Thank you for the review.

On 03/03/26 16:47, Masahiko Sawada wrote:
> Thank you for updating the patch! Here are some review comments:
>
> + Form_pg_attribute attr = TupleDescAttr(tupdesc, attnum - 1);
> +
> + if (attr->attgenerated)
> + continue;
> +
> + if (!first)
> + appendStringInfoString(buf, ", ");
> +
> + first = false;
> +
> + appendStringInfoString(buf,
> quote_identifier(NameStr(attr->attname)));
>
> We need to take care of the 'column_name' option here. If it's set we
> should not use attr->attname as it is.
>

Fixed

> --
> + }
> + if (nattrs > 0)
> + appendStringInfoString(buf, ") FROM STDIN");
> + else
> + appendStringInfoString(buf, " FROM STDIN");
> +}
>
> It might be better to explicitly specify the format 'text'.
>

Fixed

> ---
> + if (useCopy)
> + {
> + deparseCopySql(&sql, rel, targetAttrs);
> + values_end_len = 0; /* Keep compiler quiet */
> + }
> + else
> + deparseInsertSql(&sql, rte, resultRelation, rel,
> targetAttrs, doNothing,
> +
> resultRelInfo->ri_WithCheckOptions,
> +
> resultRelInfo->ri_returningList,
> + &retrieved_attrs,
> &values_end_len);
>
> I think we should consider whether it's okay to use the COPY command
> even if resultRelInfo->ri_WithCheckOptions is non-NULL. As far as I
> researched, it's okay as we currently don't support COPY to a view but
> please consider it as well.

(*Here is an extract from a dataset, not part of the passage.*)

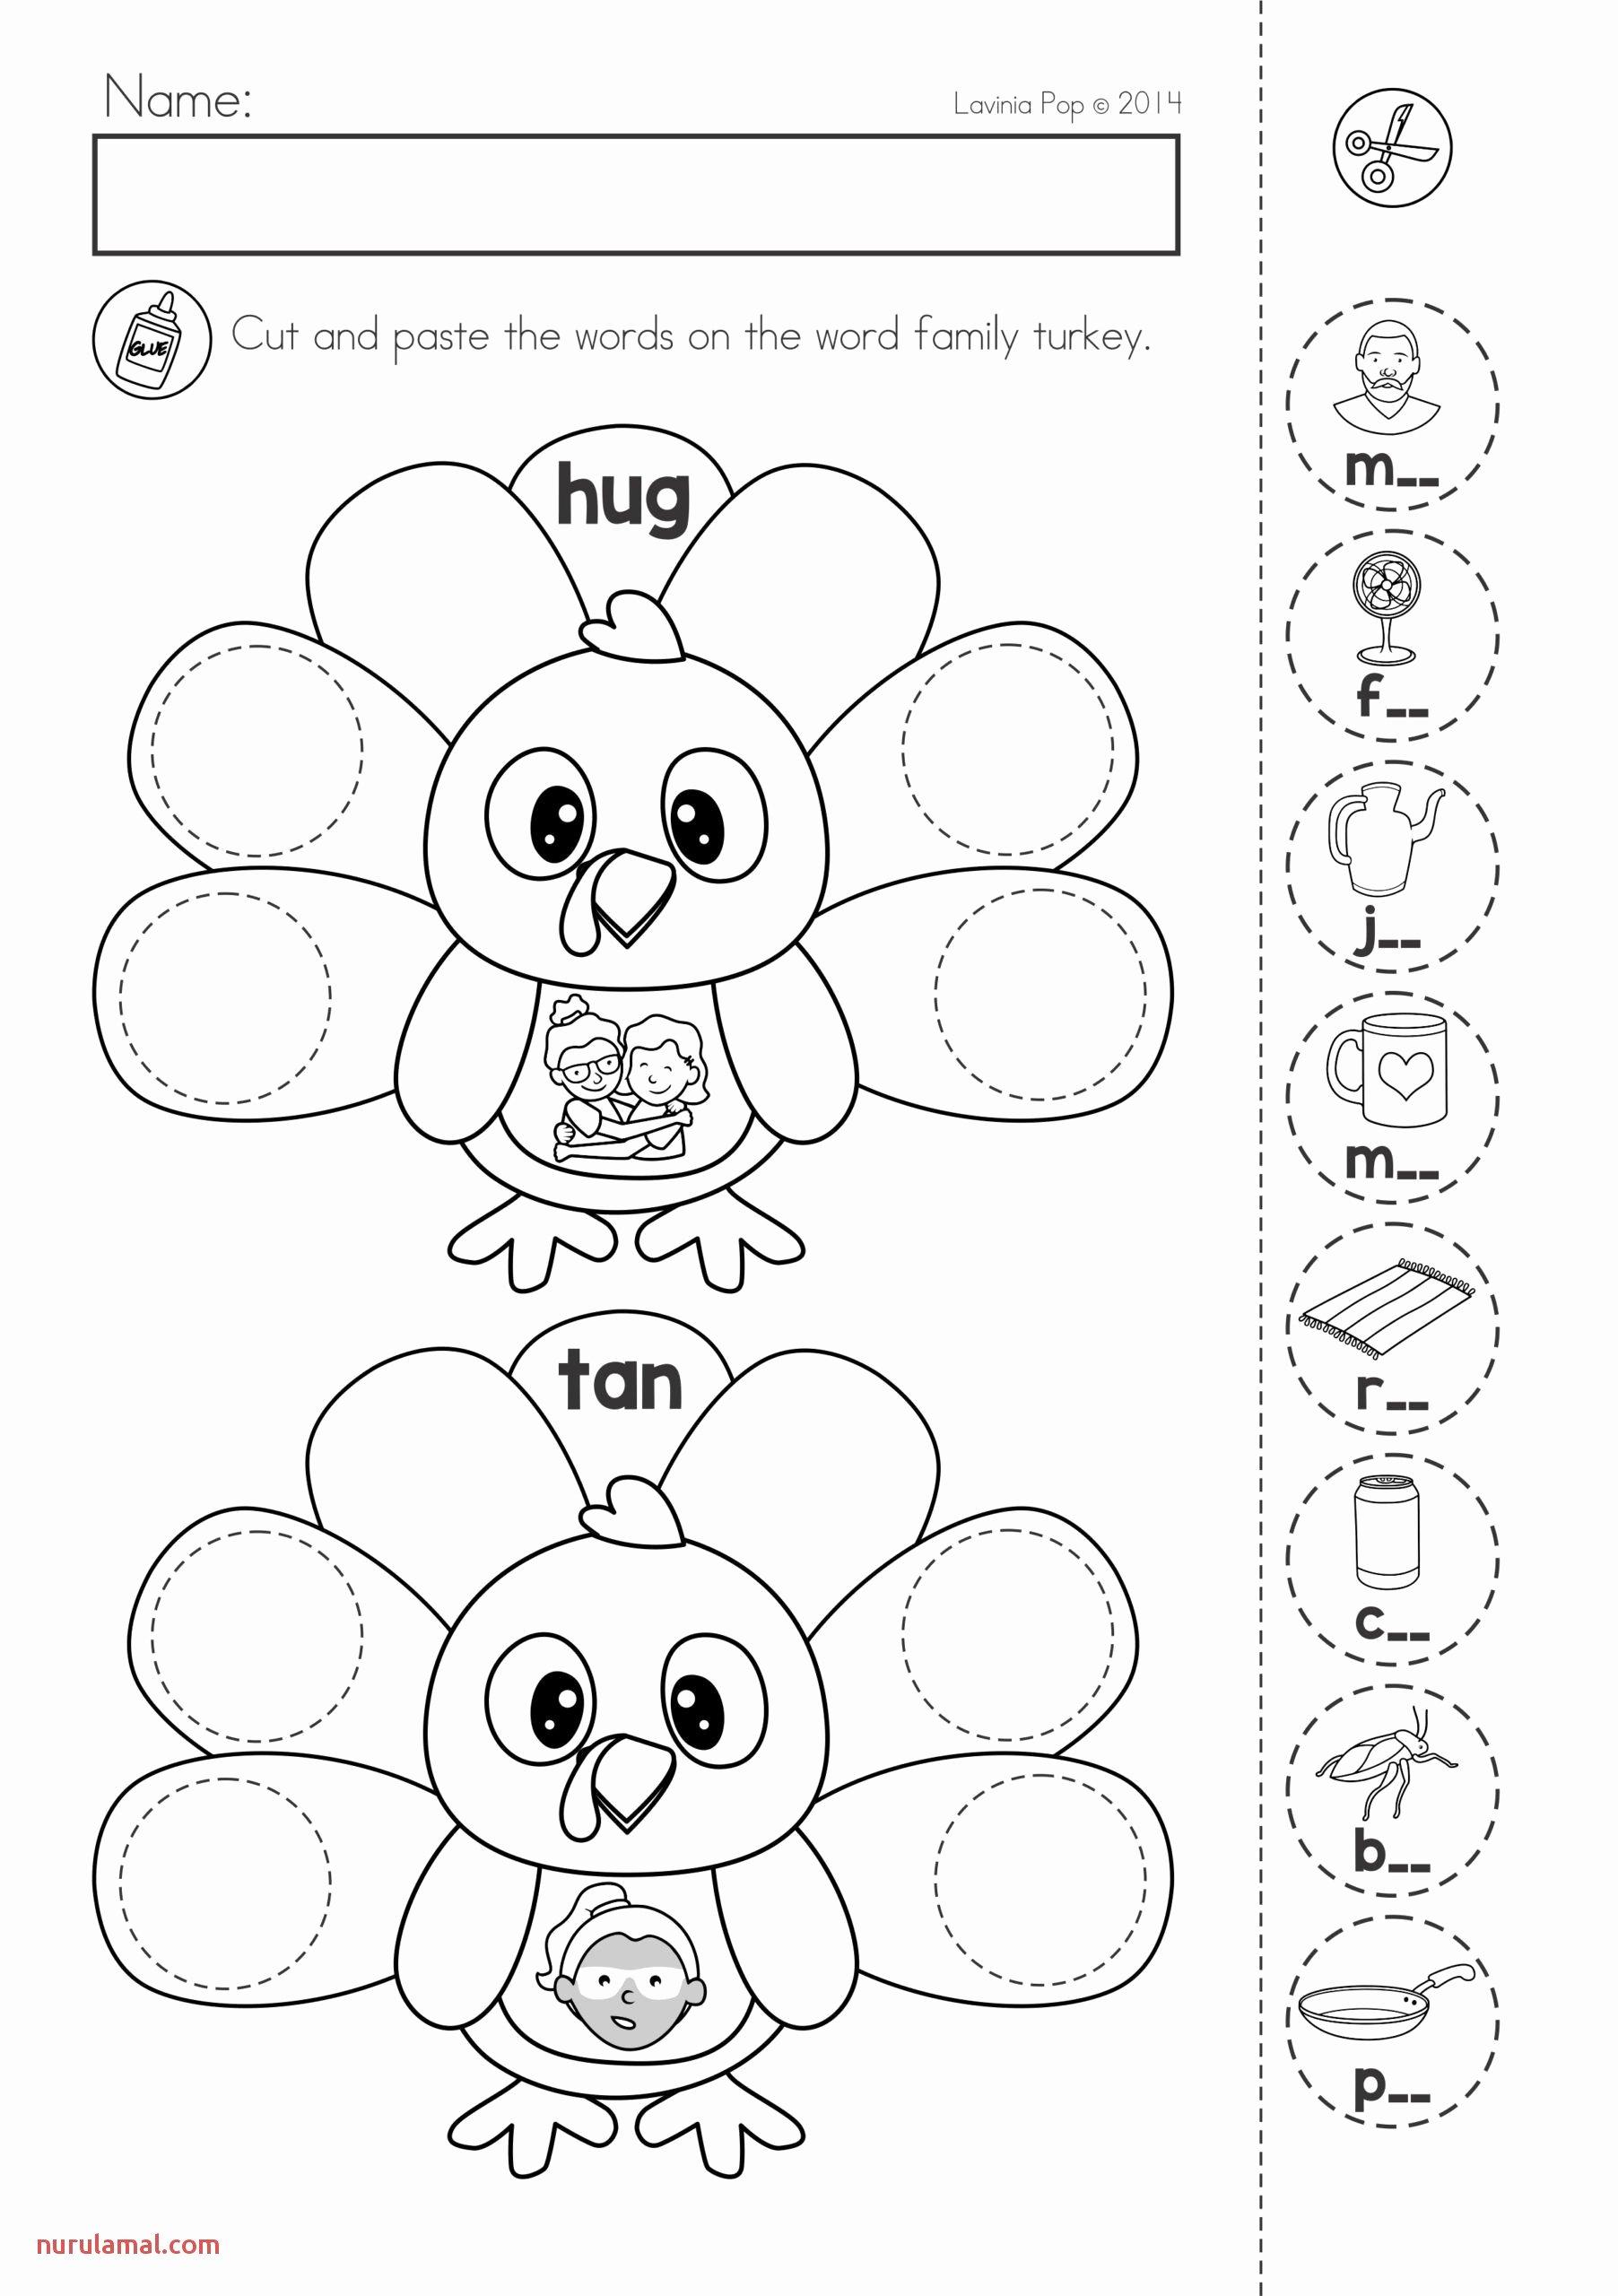 Urdu Worksheets for Preschoolers Unique Worksheets Urdu Jor tor Tracing Words Pdf for Kids In

We might want to explain it too in the
> comment.
>

Good point, fixed.

> How about initializing values_end_len with 0 at its declaration?
>

Fixed

> ---
> +-- test that fdw also use COPY FROM as a remote sql
> +set client_min_messages to 'log';
> +
> +create function insert_or_copy() returns trigger as $$
> +declare query text;
> +begin
> + query := current_query();
> + if query ~* '^COPY' then
> + raise notice 'COPY command';
> + elsif query ~* '^INSERT' then
> + raise notice 'INSERT command';
> + end if;
> +return new;
> +end;
> +$$ language plpgsql;
>
> On second thoughts, it might be okay to output the current_query() as it is.
>

Fixed

> ---
> +copy grem1 from stdin;
> +3
> +\.
>
> I think it would be good to have more tests, for example, checking if
> the COPY command method can work properly with batch_size and
> column_name options.
>

I've added new test cases for these cases. To test the batch_size case
I've added an elog(DEBUG1) because using the trigger with
current_query() log an entry for each row that we send for the foreign
server, with the elog(DEBUG1) we can expect one log message for each
batch operation. Please let me know if there is better ways to do this.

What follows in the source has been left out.